[HN Gopher] Q-learning is not yet scalable
___________________________________________________________________
Q-learning is not yet scalable
Author : jxmorris12
Score : 205 points
Date : 2025-06-15 00:56 UTC (22 hours ago)
(HTM) web link (seohong.me)
(TXT) w3m dump (seohong.me)
| whatshisface wrote:
| The benefit of off-policy learning is fundamentally limited by
| the fact that data from ineffective early exploration isn't that
| useful for improving on later more refined policies. It's clear
| if you think of a few examples: chess blunders, spasmodic
| movement, or failing to solve a puzzle. This becomes especially
| clear once you realize that data only becomes off-policy when it
| describes something the policy would not do. I think the solution
| to this problem is (unfortunately) related to the need for better
| generalization / sample efficiency.
| getnormality wrote:
| Doesn't this claim prove too much? What about the cited dog
| that walked in 20 minutes with off-policy learning? Or are you
| making a more nuanced point?
| AndrewKemendo wrote:
| Q learning isn't scalable because of the stream barrier, however
| streaming DRL (TD-Lambda) is scalable:
|
| https://arxiv.org/abs/2410.14606
|
| Note that this is from Turing award winner Richard Sutton's lab
| at UofA
|
| RL works
| getnormality wrote:
| But does this address scaling to long-horizon tasks, which is
| what the article is about?
| AndrewKemendo wrote:
| Yes because it's management of long term reward by default
| s-mon wrote:
| While I like the blogpost, I think the use of unexplained
| acronyms undermines the opportunity of this blogpost to be useful
| to the wider audience. Small nit: make sure acronyms and jargon
| is explained.
| keremk wrote:
| For these kinds of blogposts where the content is very good but
| not very approachable due to assumption of extensive prior
| knowledge, I find using an AI tool very useful, to explain and
| simplify. Just used the new browser Dia for this, and it worked
| really well for me. Or you can use your favorite model provider
| and copy and paste. This way the post stays concise, and yet
| you can use your AI tools to ask questions and clarify.
| anonthrowawy wrote:
| i actually think thats what made it crisp
| levocardia wrote:
| It's clearly written for an audience of other RL researchers,
| given than the conclusion is "will someone please come up with
| Q-learning methods that scale!"
| andy_xor_andrew wrote:
| the magic thing about off-policy techniques such as Q-Learning is
| that they will converge on an optimal result even if they only
| ever see sub-optimal training data.
|
| For example, you can use a dataset of chess games from agents
| that move totally randomly (with no strategy at all) and use that
| as an input for Q-Learning, and it will still converge on an
| optimal policy (albeit more slowly than if you had more high-
| quality inputs)
| Ericson2314 wrote:
| I would think this being true is the definition of the task
| being "ergodic" (distorting that term slightly, maybe). But I
| would also expect non-ergodic tasks to exist.
| andy_xor_andrew wrote:
| The article mentions AlphaGo/Mu/Zero was not based on Q-Learning
| - I'm no expert but I thought AlphaGo was based on DeepMind's
| "Deep Q-Learning"? Is that not right?
| energy123 wrote:
| DeepMind's earlier success with Atari was based on offline
| Q-Learning
| lalaland1125 wrote:
| This blog post is unfortunately missing what I consider the
| bigger reason why Q learning is not scalable:
|
| As horizon increases, the number of possible states (usually)

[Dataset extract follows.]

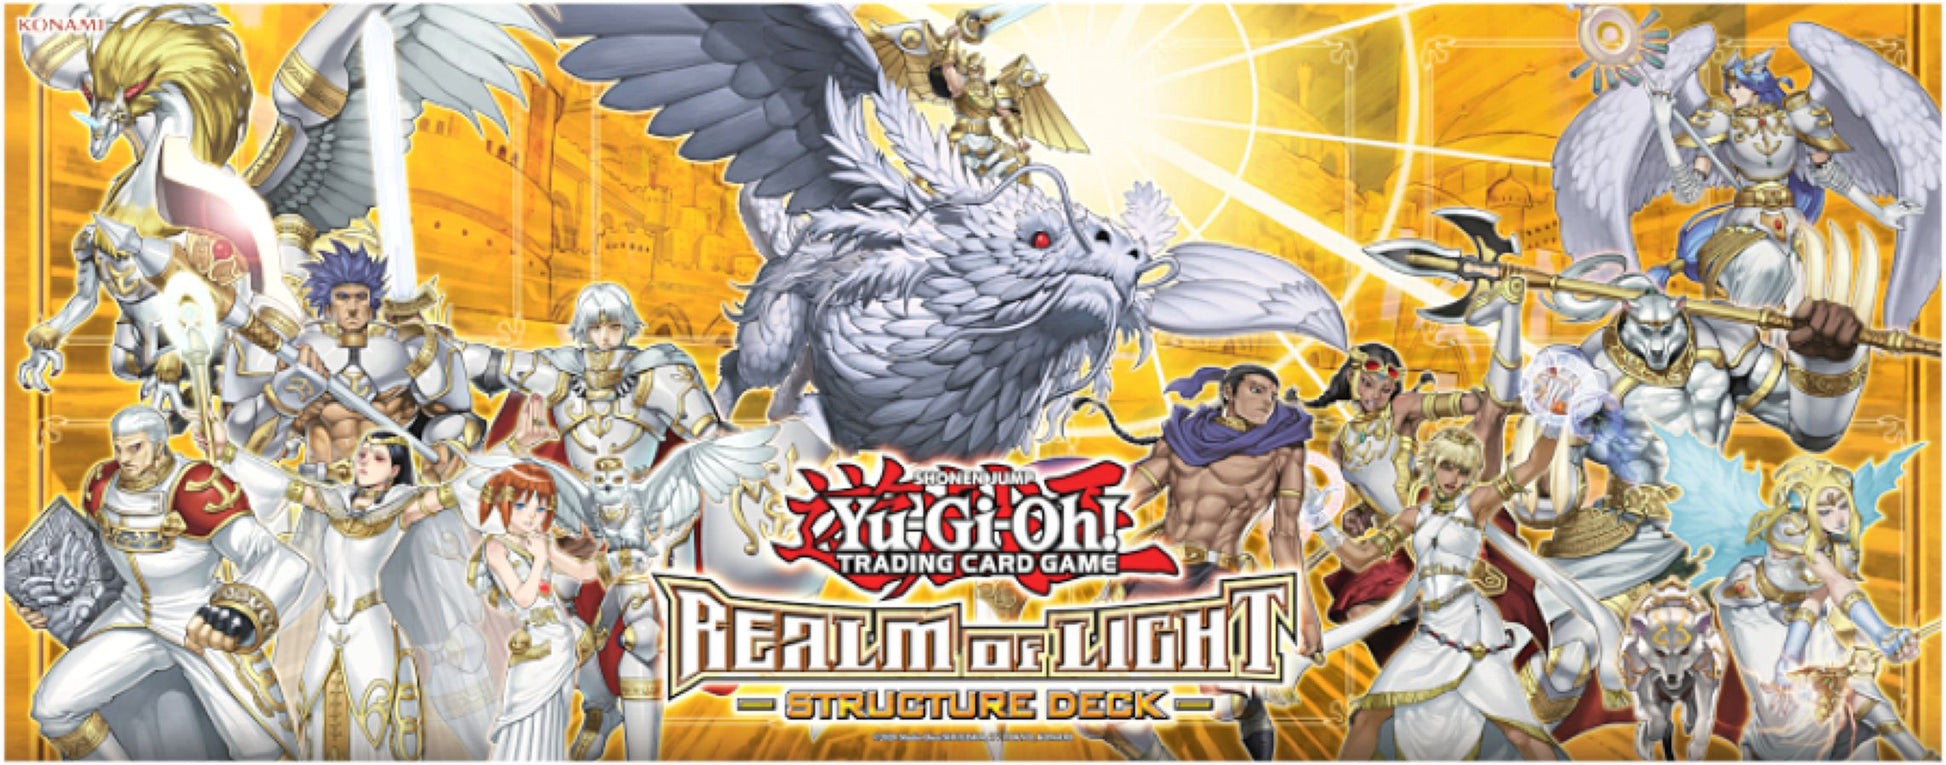 Yu-Gi-Oh - Realm of Light Structure Deck (Display of 8)
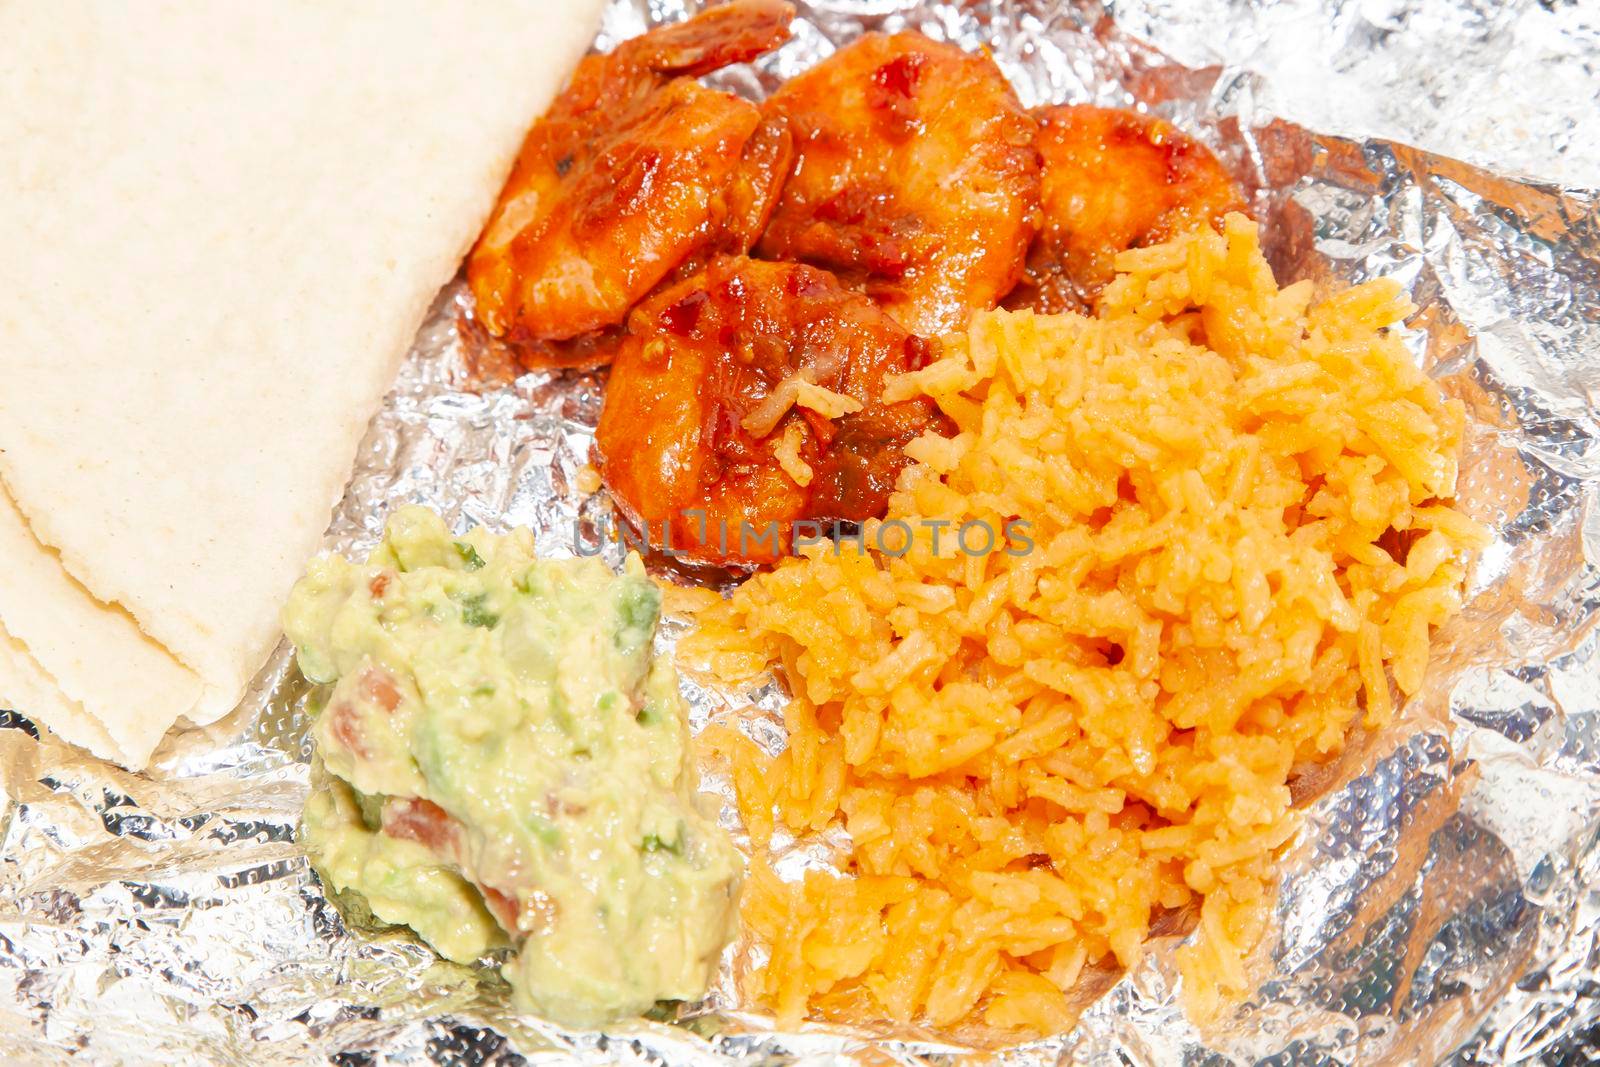 Spicy hot shrimp on foil next to folded corn tortillas, rice, and guacamole

| increases exponentially. This means you require exponentially
| increasing data to have a hope of training a Q that can handle
| those states.
|
| This is less of an issue for on policy learning, because only
| near policy states are important, and on policy learning
| explicitly only samples those states. So even though there are
| exponential possible states your training data is laser focused
| on the important ones.
| Ericson2314 wrote:
| https://news.ycombinator.com/item?id=44280505 I think that
| thead might help?
|
| Total layman here, but maybe some tasks are "uniform" despite
| being "deep" in such a way that poor samples still suffice? I
| would call those "ergodic" tasks. But surely there are other
| tasks where this is not the case?
| lalaland1125 wrote:
| Good clarification. I have edited my post accordingly.
|
| There are situations where states increase at much slower
| rates than exponential.
|
| Those situations are a good fit for Q learning.
| arthurcolle wrote:
| Feel the Majorana-1
| elchananHaas wrote:
| I think the article's analysis of overapproximation bias is
| correct. The issue is that due to the Max operator in the Q
| learning noise is amplified over timesteps. Some methods to
| reduce this bias, such as https://arxiv.org/abs/1509.06461 were
| successful in improving the RL agents performance. Studies have
| found that this happens even more for the states that the
| network hasn't visited many times.
|
| An exponential number of states only matters if there is no
| pattern to them. If there is some structure that the network
| can learn then it can perform well. This is a strength of deep
| learning, not a weakness. The trick is getting the right
| training objective, which the article claims q learning isn't.
|
| I do wonder if MuZero and other model based RL systems are the
| solution to the author's concerns. MuZero can reanalyze prior
| trajectories to improve training efficiency. The Monte Carlo
| Tree Search (MCTS) is a principled way to perform horizon
| reduction by unrolling the model multiple steps. The max
| operator in MCTS could cause similar issues but the search
| progressing deeper counteracts this.
| jhrmnn wrote:
| Is this essentially the same difference as between vanilla
| regular-grid and importance-sampling Monte Carlo integration?
| briandw wrote:
| This papers assumes that you know quite a bit about RL already.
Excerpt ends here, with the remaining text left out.